Morning, world. Meet your new champ:

Hasim Rahman.

If you don't know him, or how to pronounce his name (ROCK-mon), or where he lives (Baltimore), don't be embarrassed. Trust us, you are not alone.

Four weeks ago, the South African media mistakenly identified an African-American priest as the obscure 28-year-old heavyweight, who not so long ago was blasted out of a boxing ring — literally — by that fearsome Russian destroyer of note, Oleg Maskaev.

By virtue of his shocking one-punch KO of careless Lennox Lewis on Saturday night outside Johannesburg, the Rock now belongs to the world. For how long, I don't know. By autumn, I suspect, Mike Tyson will be eating Rahman's lunch and then, quite possibly, his children.

Where have all the great heavyweights gone?

Besides the graveyard, I really don't know.

Maybe they're playing outside linebacker or power forward. In any event, this is what has become of the once-glorious days of boxing's marquee division: Two pedestrian pugilists named Rahman & Ruiz are the torchbearers, complete with cheap, disreputable alphabet organization belts around their waists.

Actually, Hasim Rahman and John Ruiz are proud, likeable overachievers who have made something out of their lives. It's nice to see good stuff happen to a couple of family guys who aren't sucking on crack pipes or beating their wives.

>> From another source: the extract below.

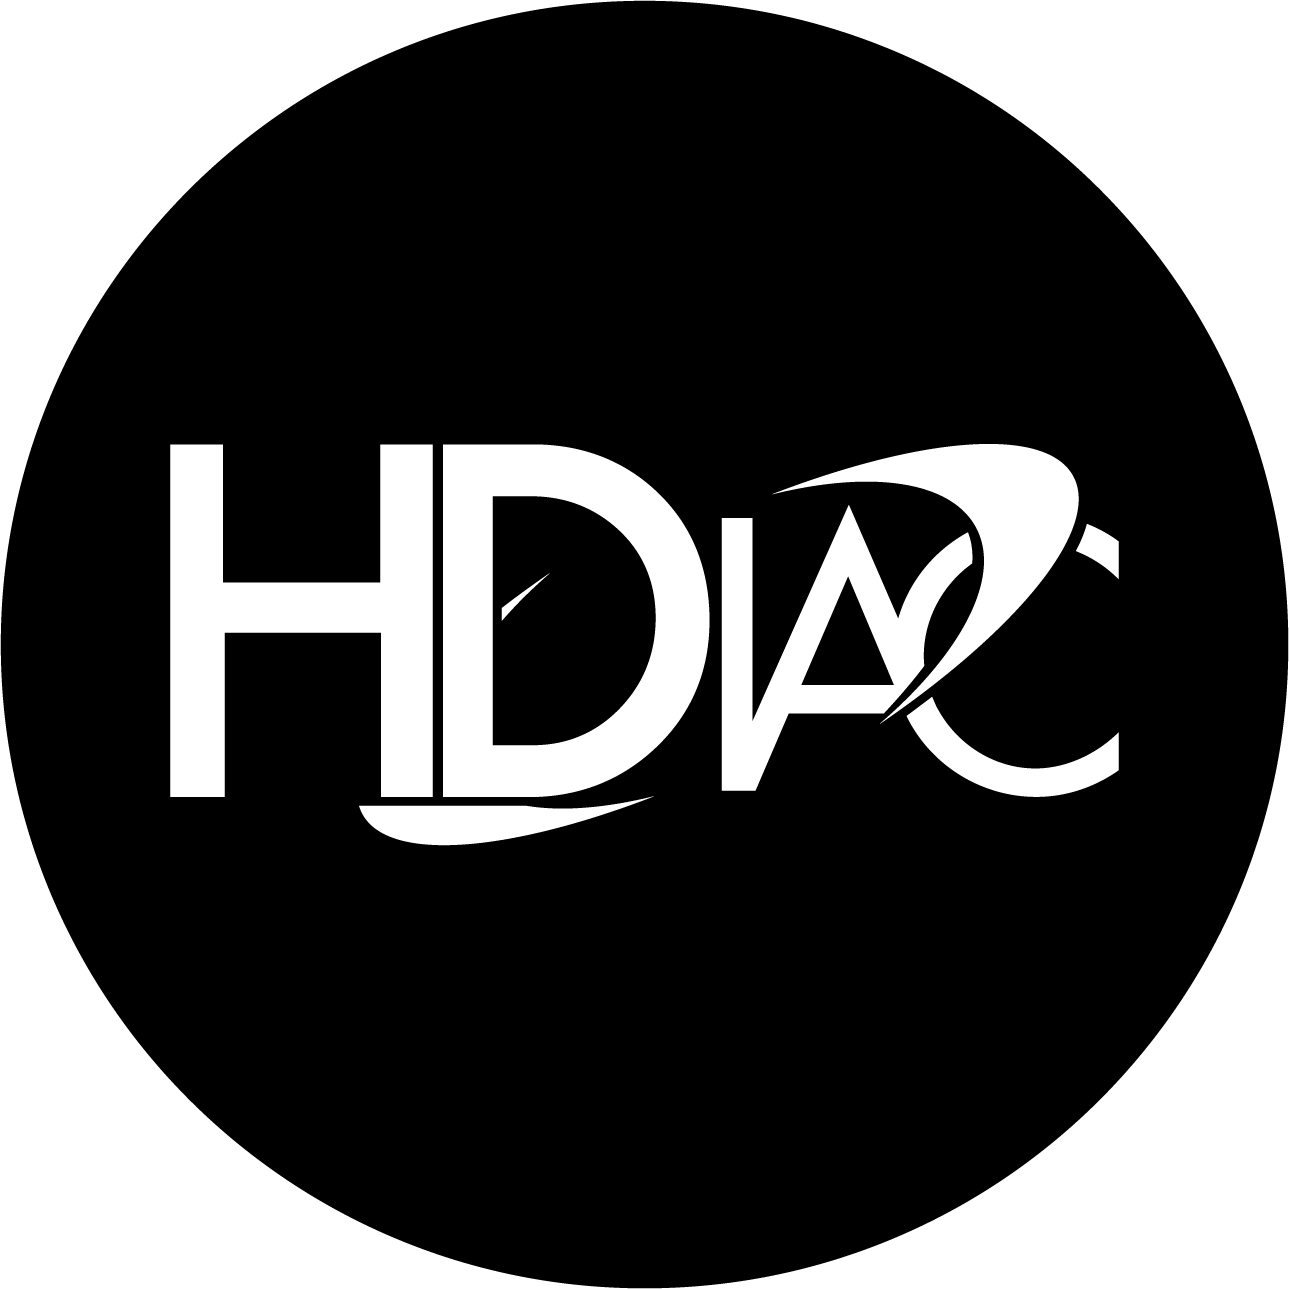 HDIAC White_Black Circle logo

But, truth be told, Rahman and Ruiz could fall out of bed and lose their belts. Rahman isn't even ranked among USA TODAY's top 10 heavyweights. Ruiz is No. 7, right behind something called Mount Whitaker, and, no, the big lug isn't promoted by Vince McMahon.

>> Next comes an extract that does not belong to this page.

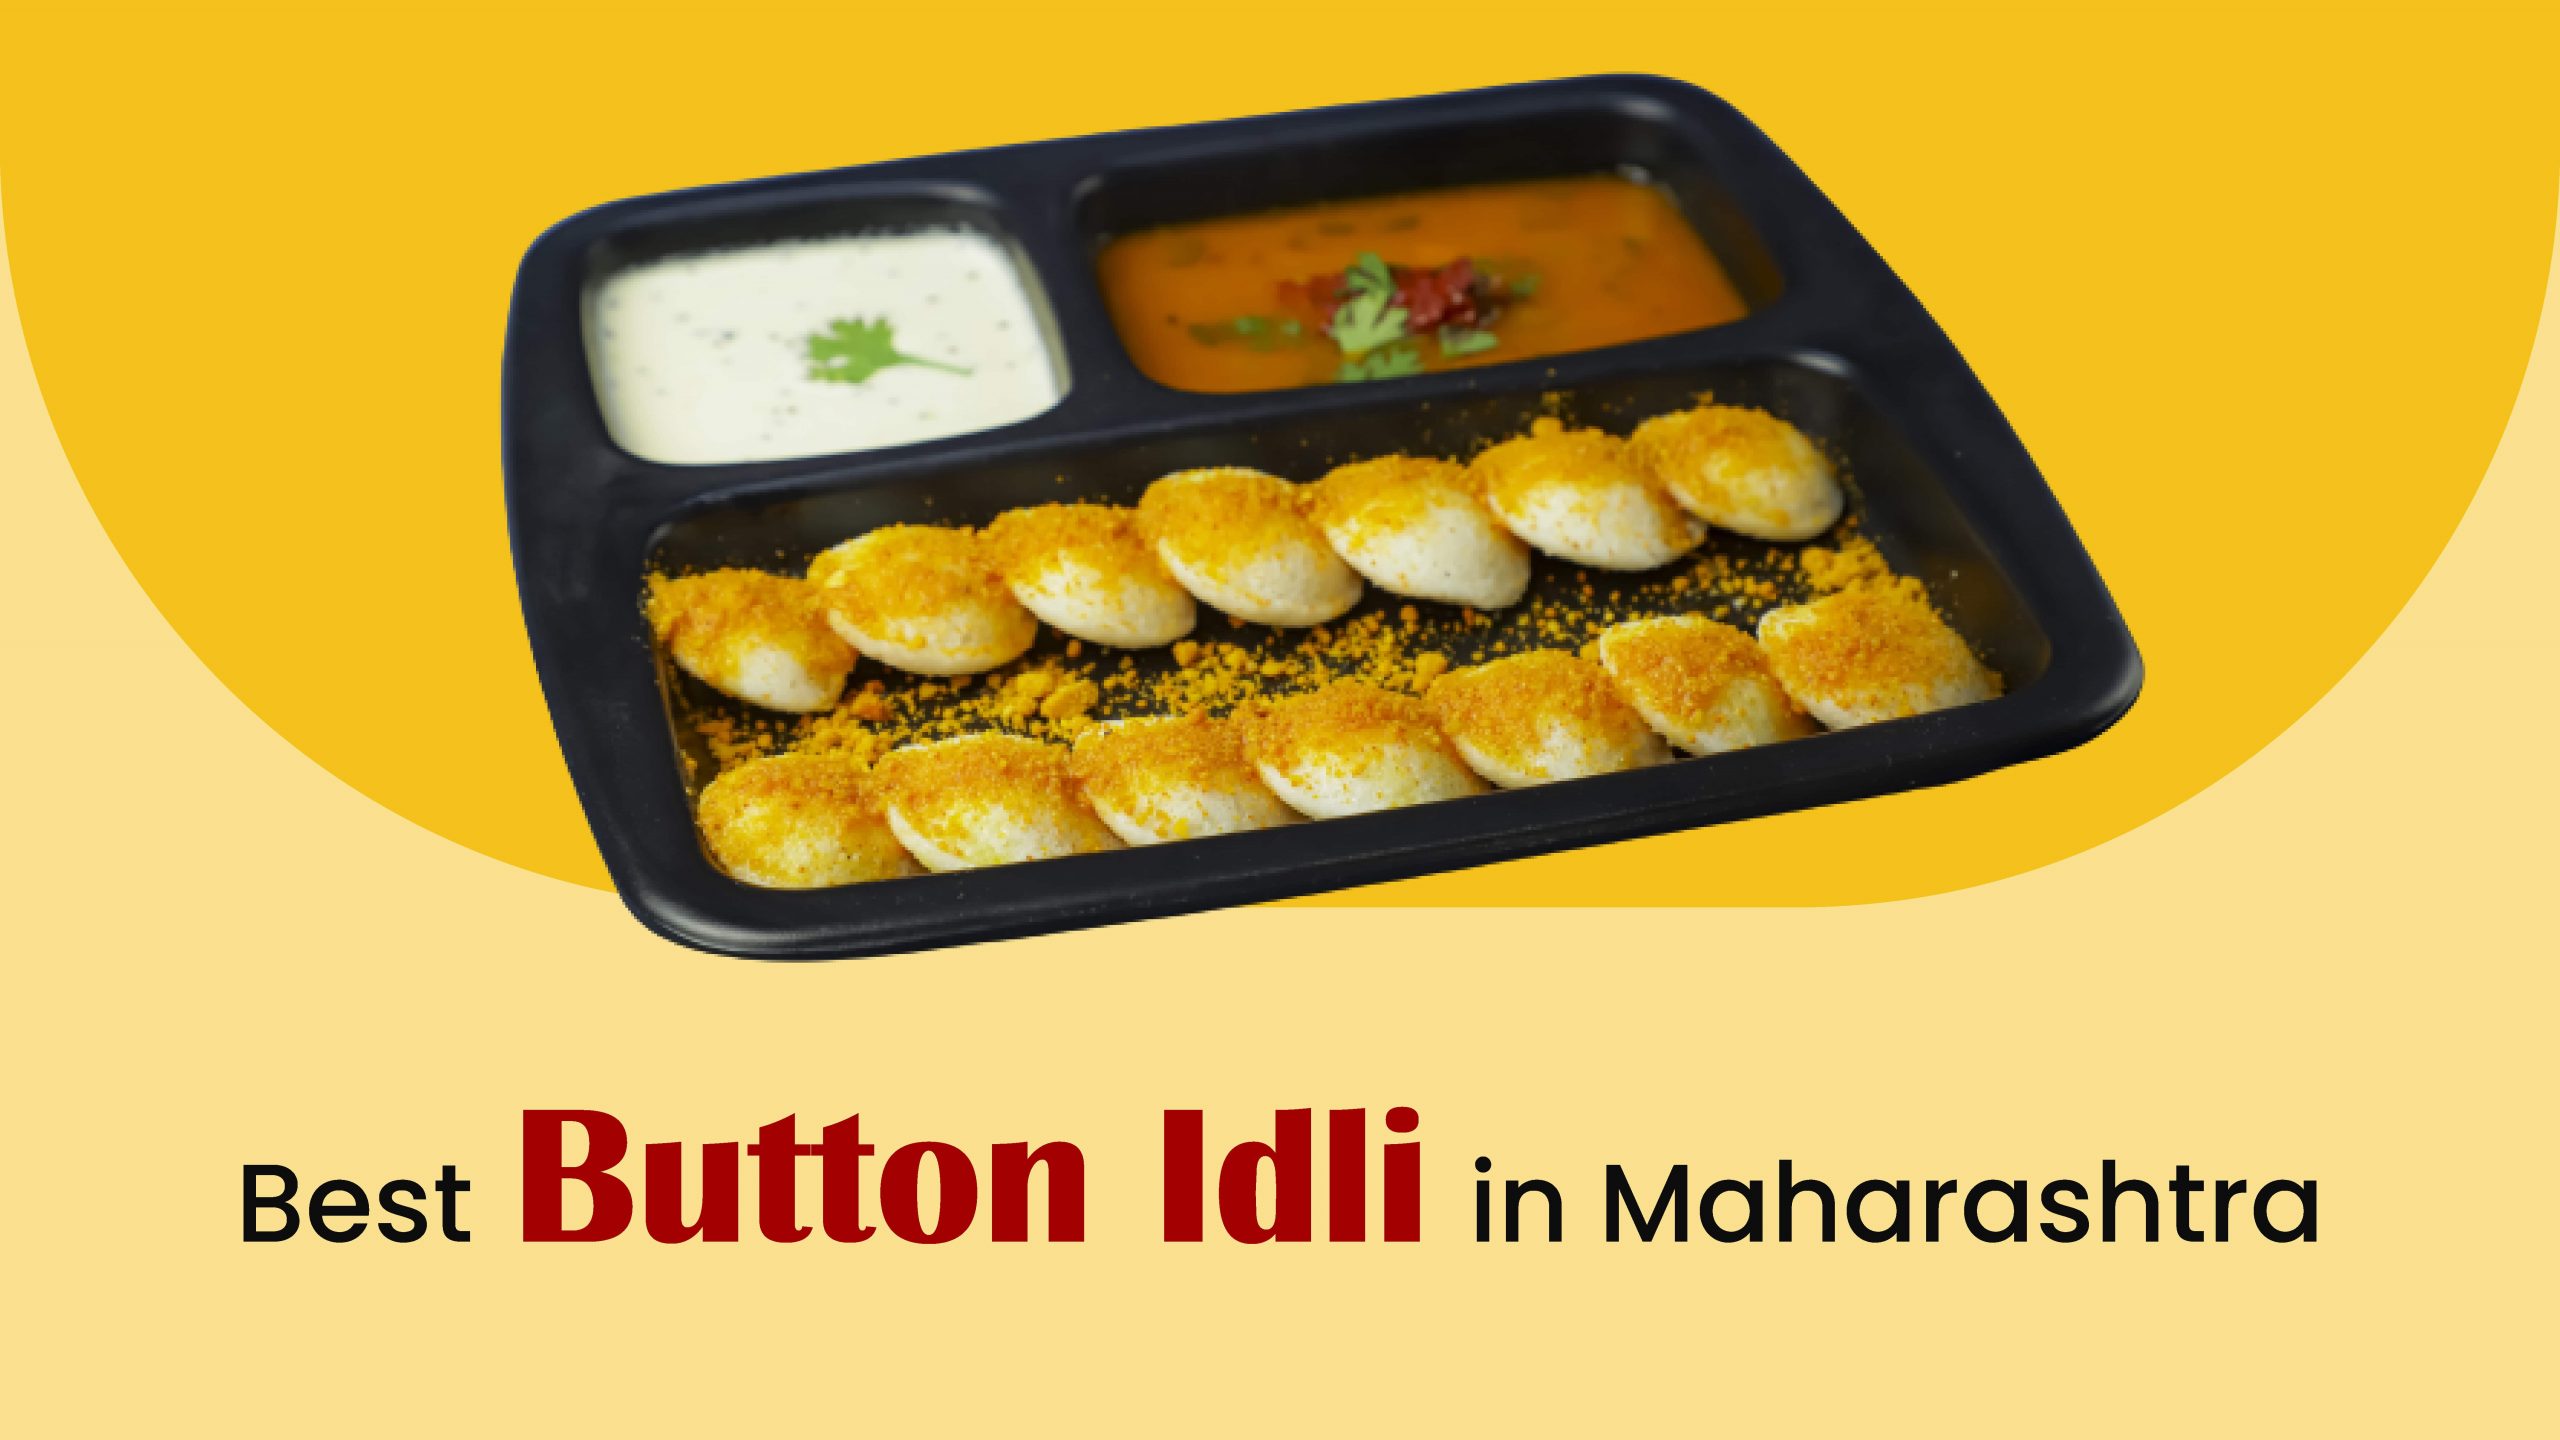 Best button idli in Maharashtra

We are now officially in the bleakest period of heavyweight history, just shy of a full-blown requiem.

Spiraling toward the nadir has been a long, steady process. It's not as if it plunged into the abyss overnight; we had older fakers, guys like Ray Mercer, Oliver McCall and Frans Botha, and a succession of young, would-be pretenders like Andrew Golota, Michael Grant and Shannon Briggs.

Tyson imploded, Michael Moorer got fat, Riddick Bowe kidnapped his family and Evander Holyfield, our modern-day Dorian Gray, crumbled before our eyes.

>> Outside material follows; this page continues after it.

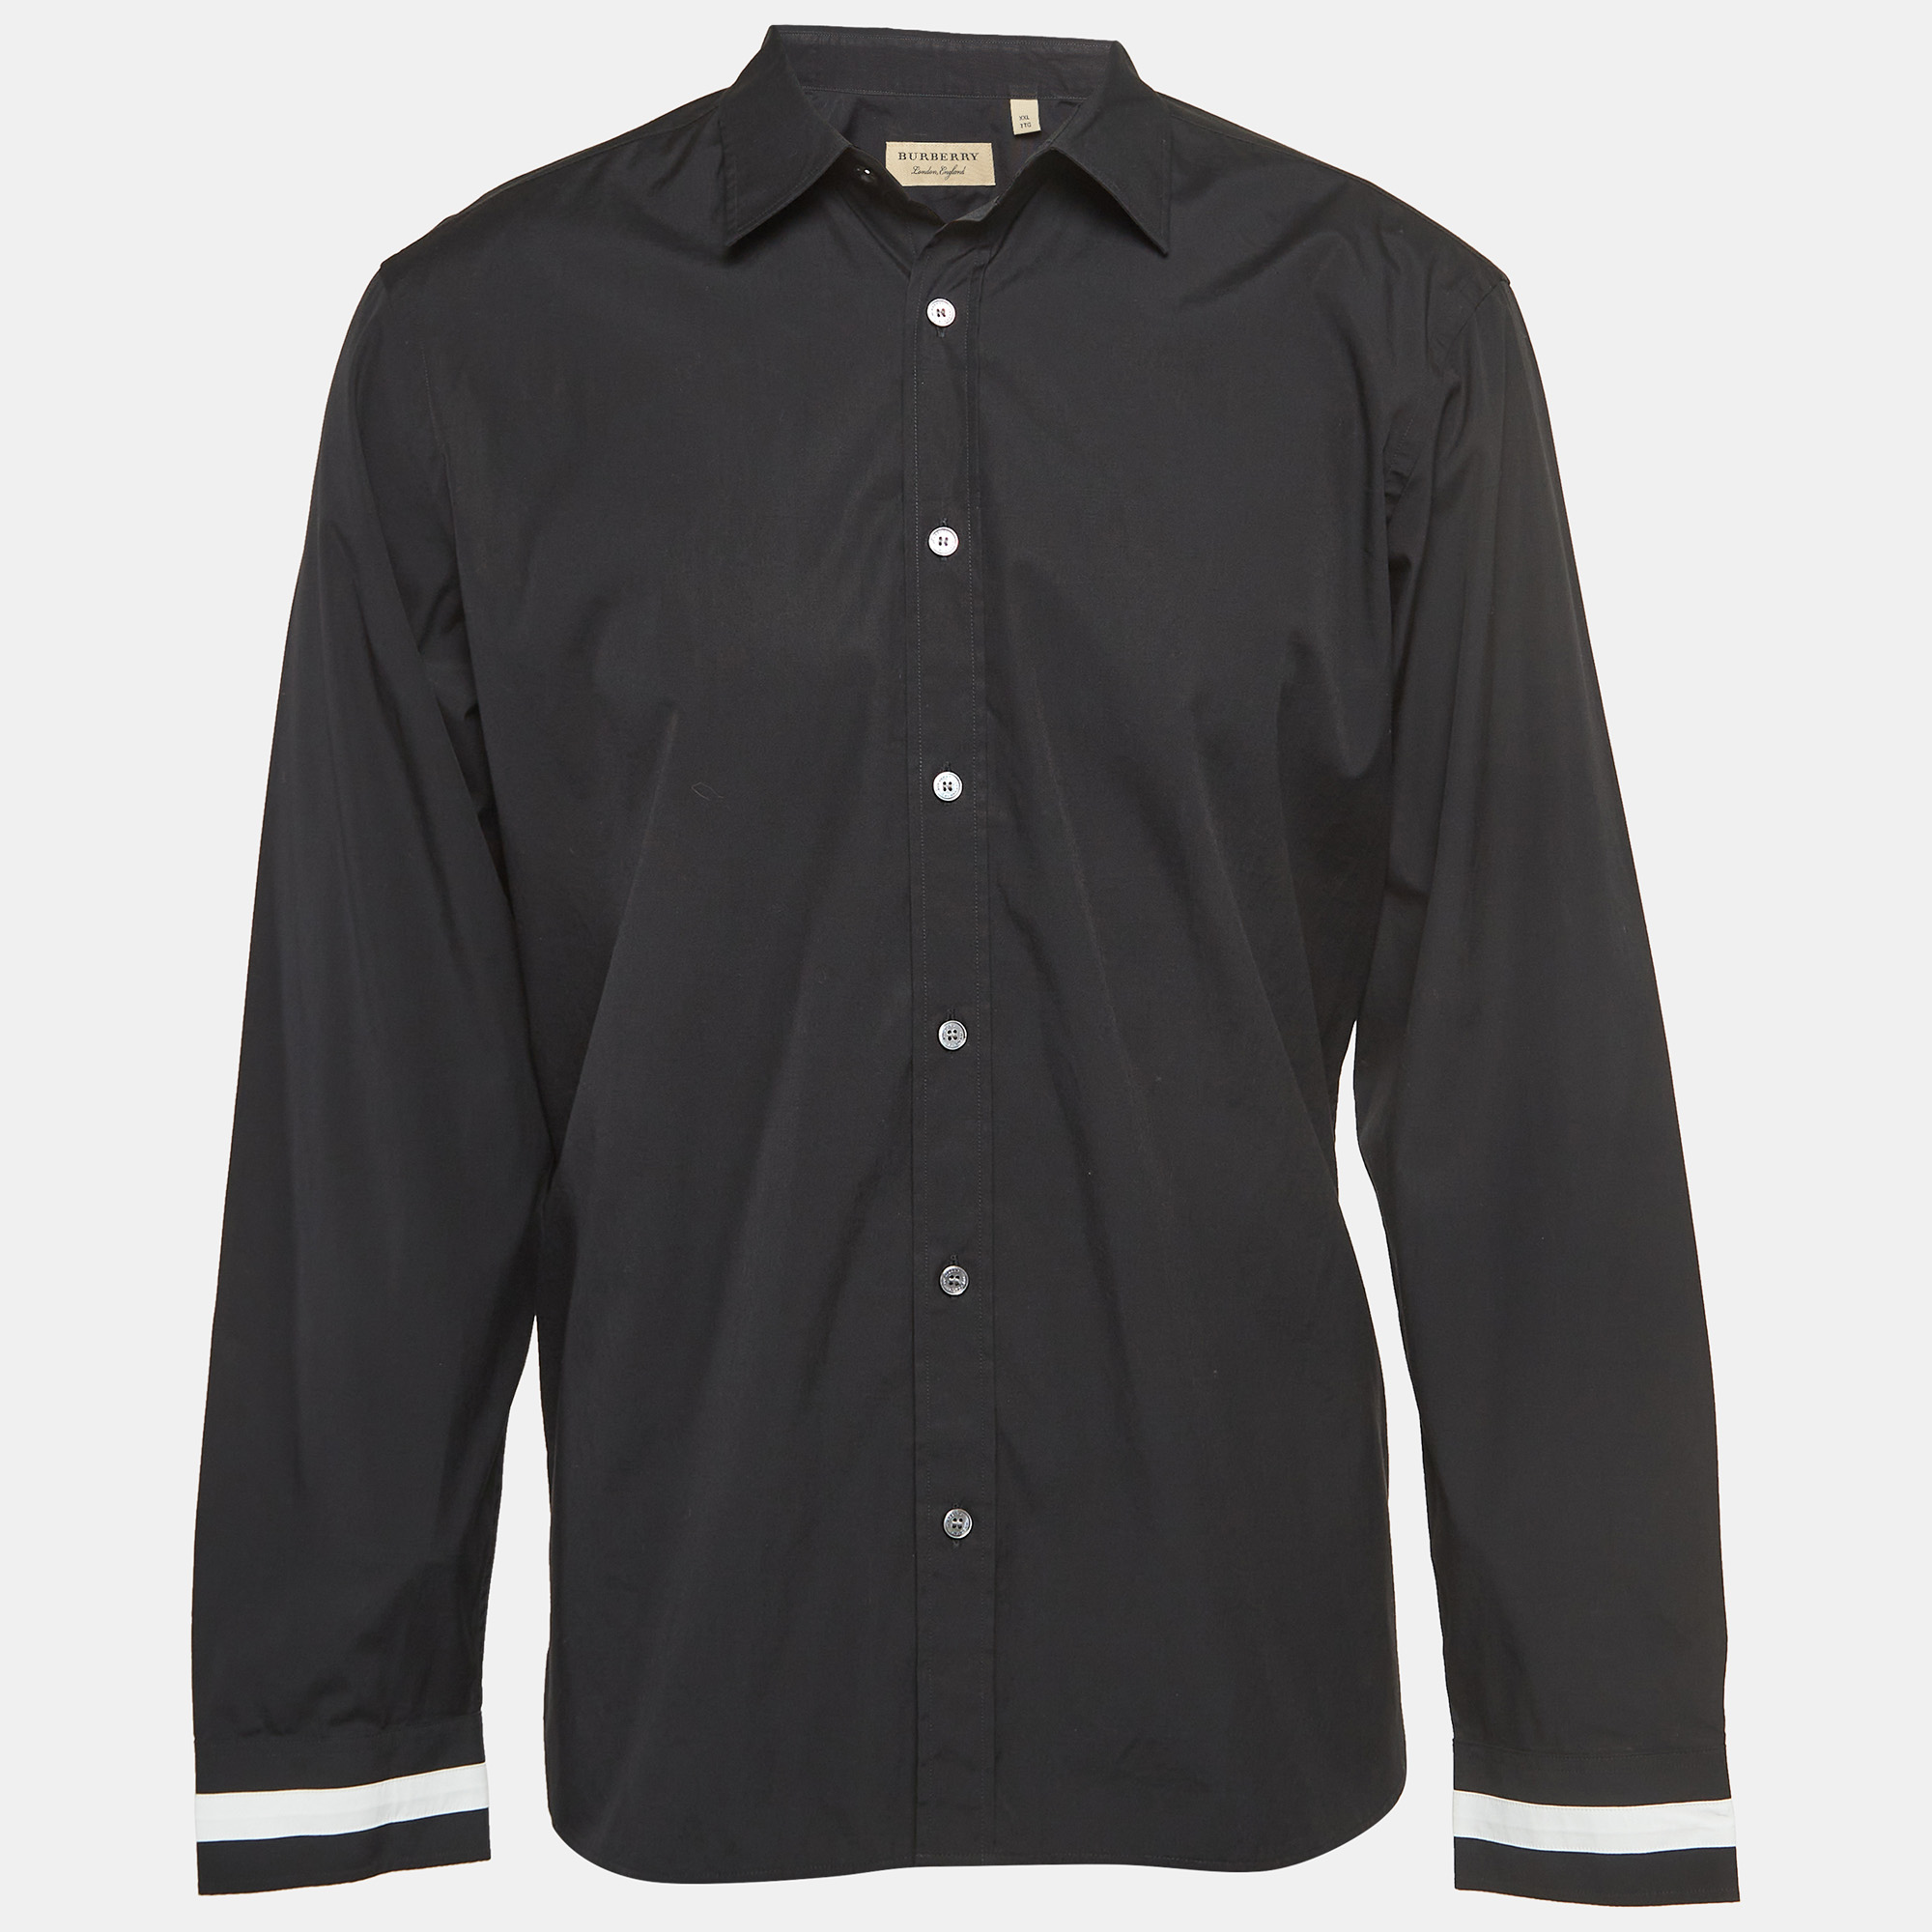 Burberry london black contrast cuff cotton long sleeve shirt xxl

The line of pursuers to the throne behind Rahman and Ruiz wouldn't exactly scare the trunks off Larry Holmes. I don't mean in his prime — I mean now, at 51. In his salad days, ol' Lar would've whupped both while blindfolded with Rocky Marciano's jockstrap.

For non-boxing aficionados, here are the recognized contenders for the heavyweight crown (Warning: I use the word "contender" the same way Don King uses the phrase, "Honestly, your honor, I swear to God on my mother's life."):

Kirk Johnson, Chris Byrd, Larry Donald, Vaughn Bean, Henry Akinwande, Danny Williams, the Klitschko brothers (Wladimir and Vitali), David Tua, David Izon and, for all I know, David Letterman.

Oh, I almost forgot. I left out Fres Oquendo.

Anyway, the heavyweight division is so flaccid that, any day now, I expect not only George Foreman to put down his wildly successful grilling contraption and launch a comeback, but for Tex Cobb, Gerry Cooney and Scott LeDoux to start their own White Hope Heavyweight World Series. Winner gets Leon Spinks.

I suppose I should just be glad that the heavyweight title is back in America, where it belongs. Lewis' reign from England, the motherland of ring rhubarbs, just may be over for good, though shopworn fighters have a way of reinventing themselves. That's why my favorite to emerge as the undisputed champion is an old name from the '80s, a fighter soon to be 35.

Hold on, world. Iron Mike may be our man.